_Data section_.
Content starts

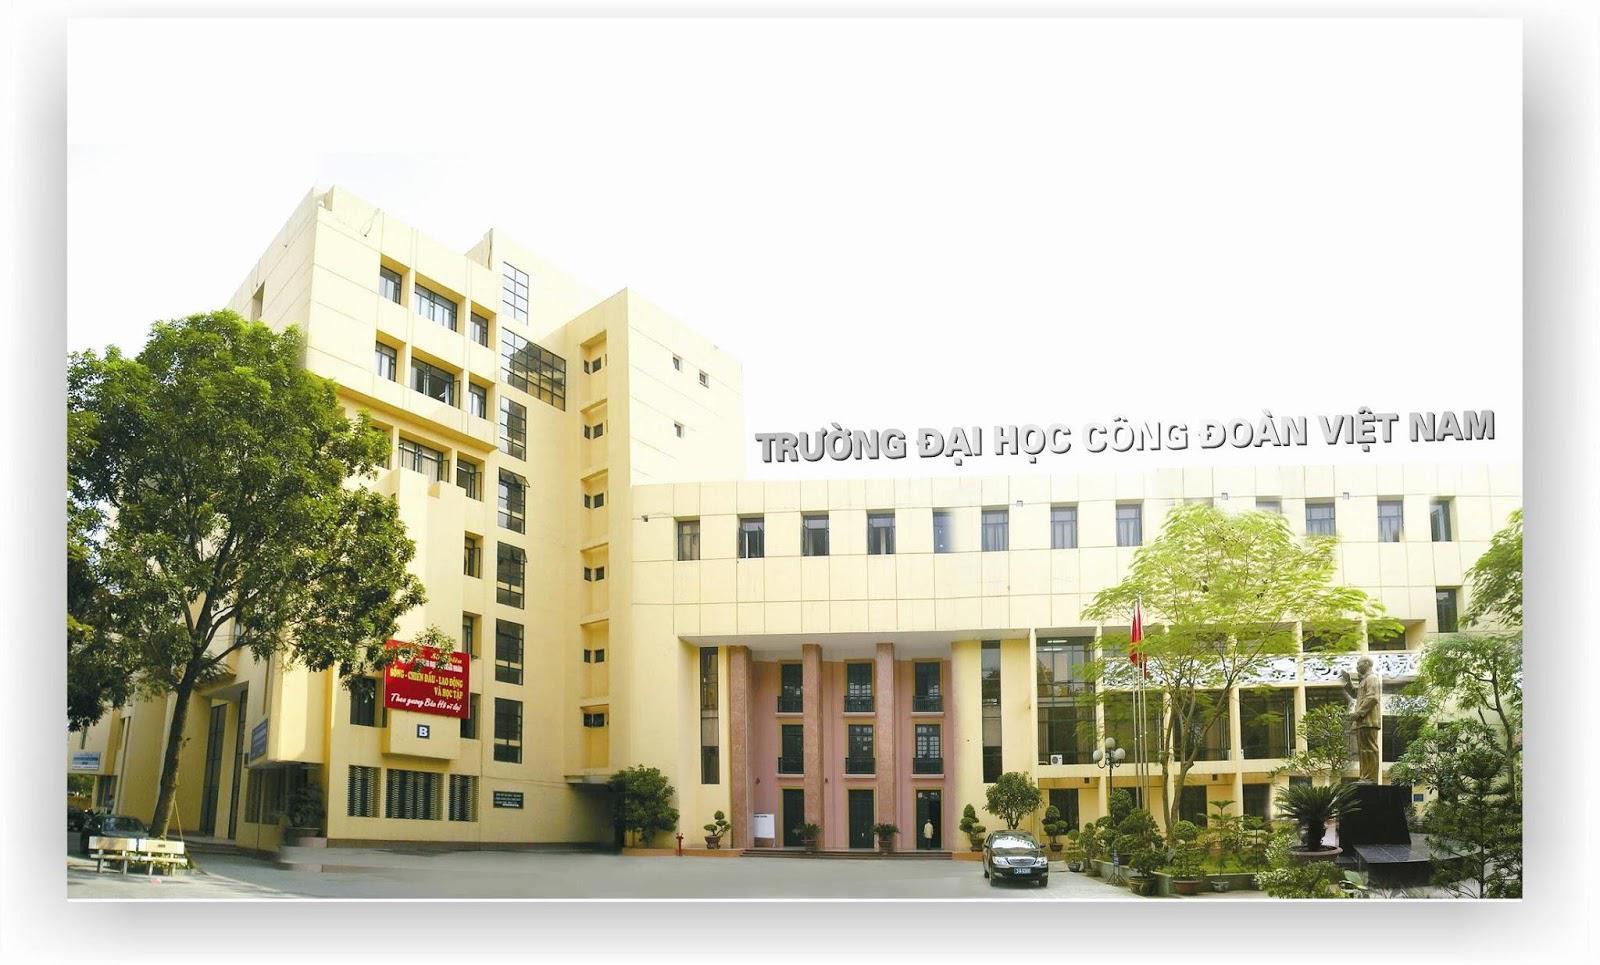 Đại học Công Đoàn
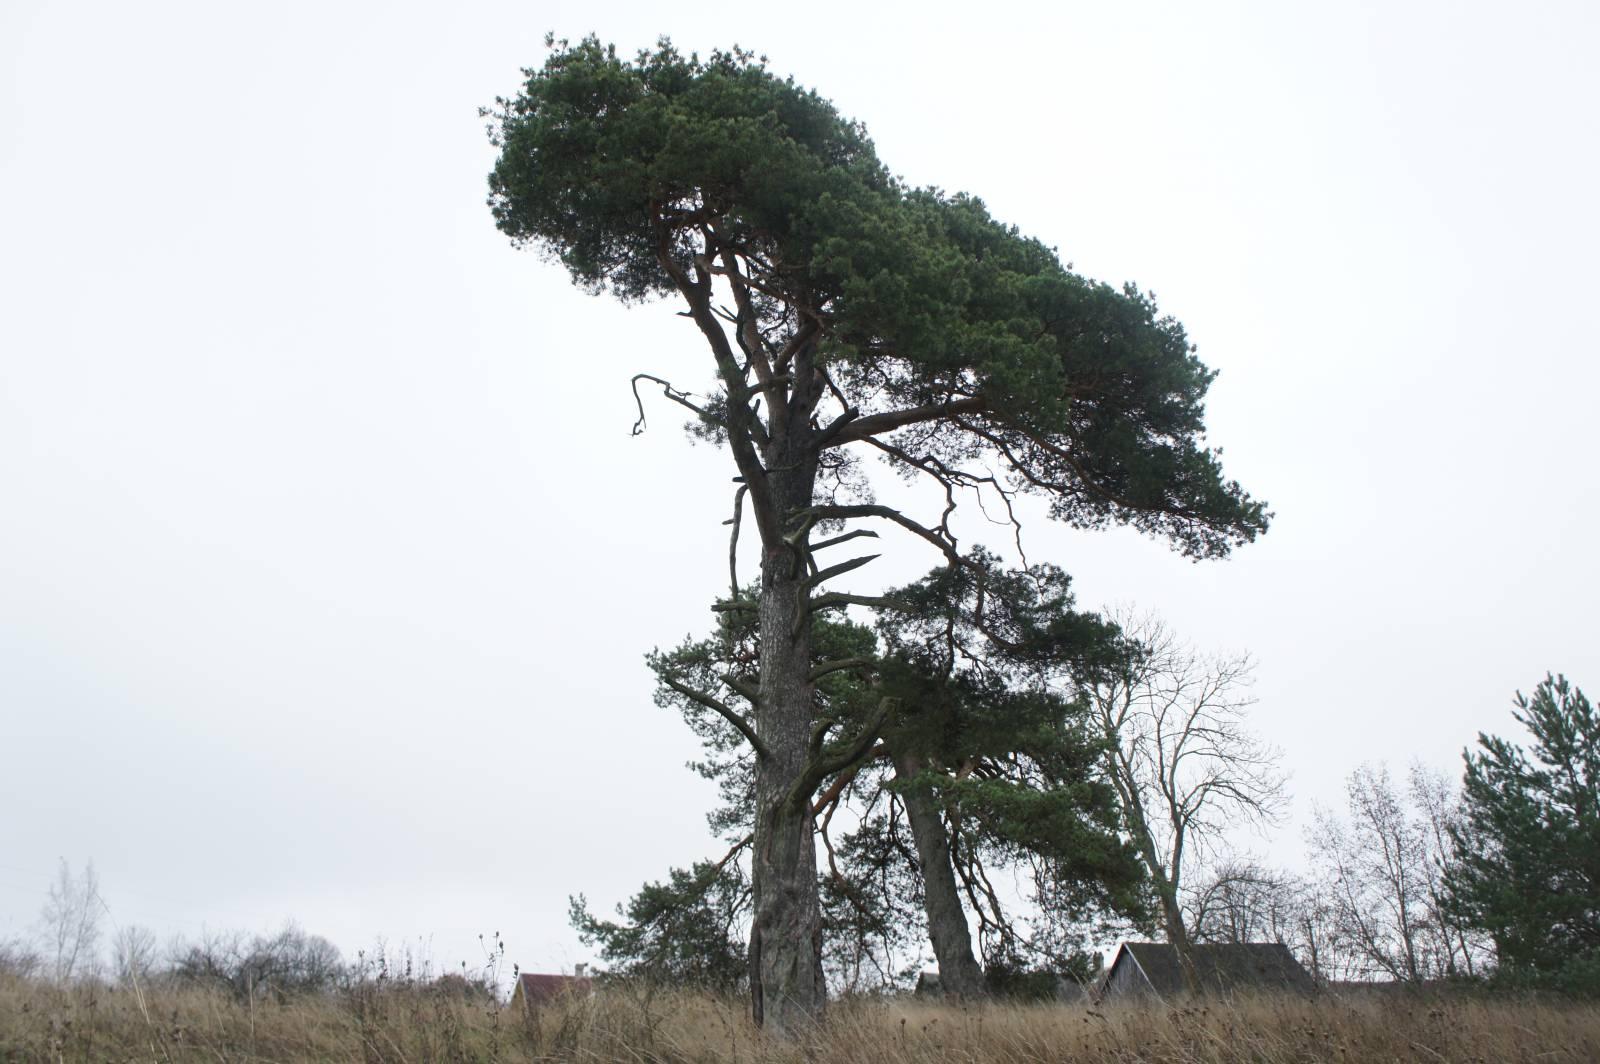 Pyhäpuu
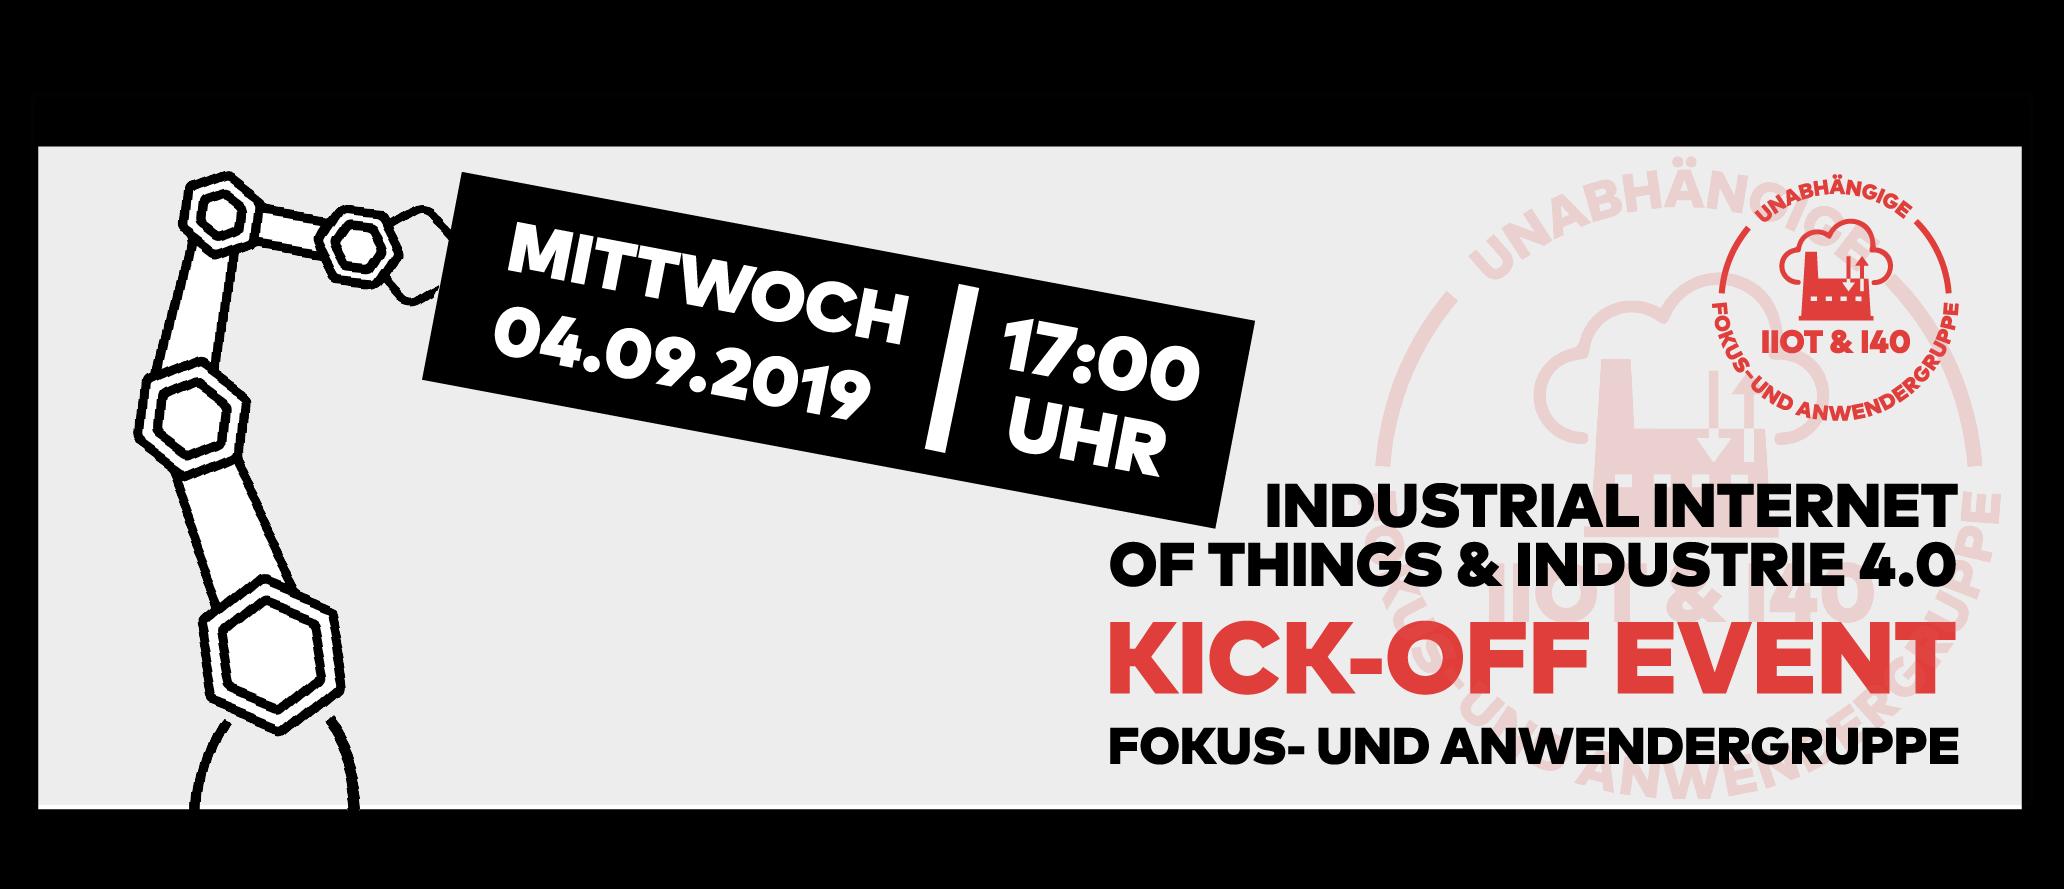 IIoT & Industrie 4.0, Kick-off Event, Fokusgruppe, Anwendergruppe, Mainz, Gutenberg Digital Hub
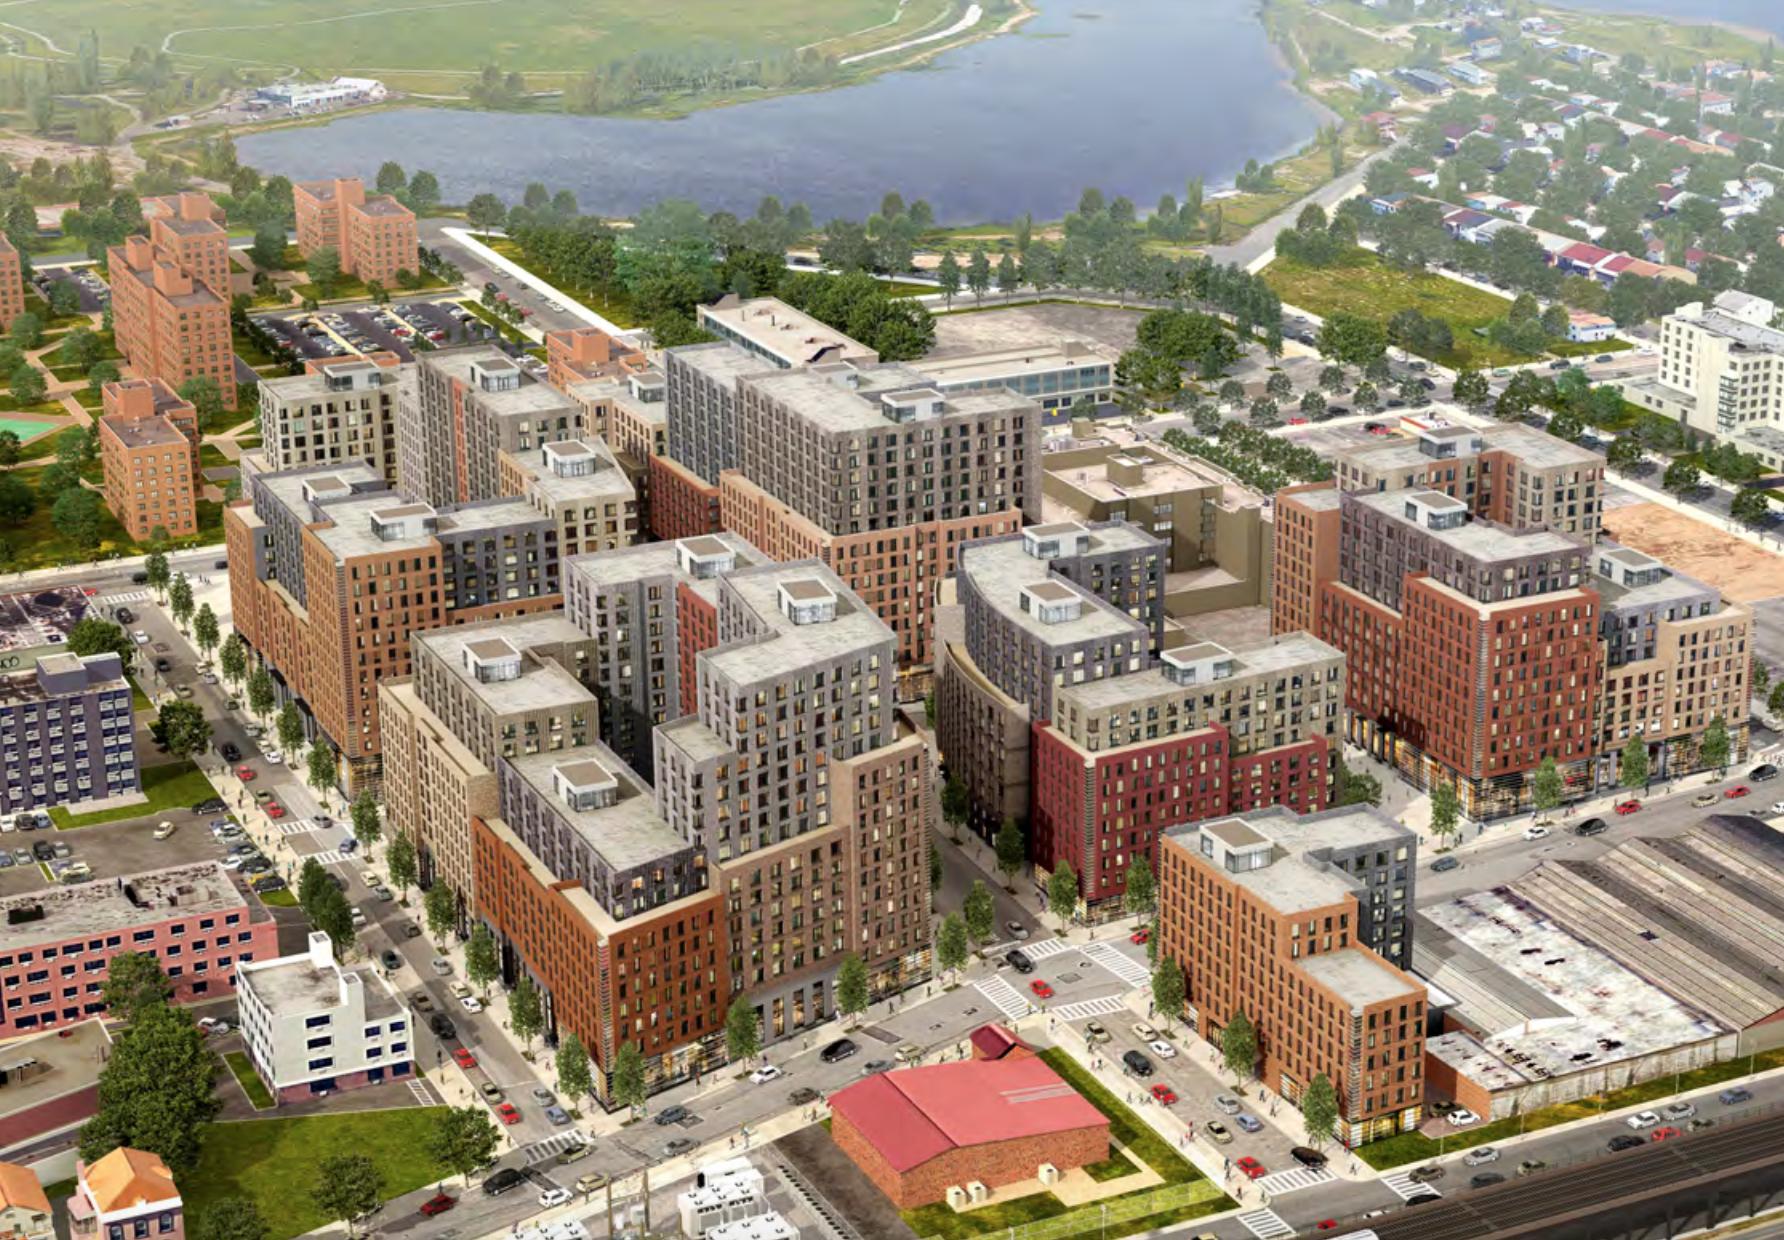 Peninsula Hospital Aufgang Architects

Content ends

_What needs to be done_.
Once the pictures are set aside, output the whole listing exactly.

_Completed exercise_.
 Đại học Công Đoàn
 Pyhäpuu
 IIoT & Industrie 4.0, Kick-off Event, Fokusgruppe, Anwendergruppe, Mainz, Gutenberg Digital Hub
 Peninsula Hospital Aufgang Architects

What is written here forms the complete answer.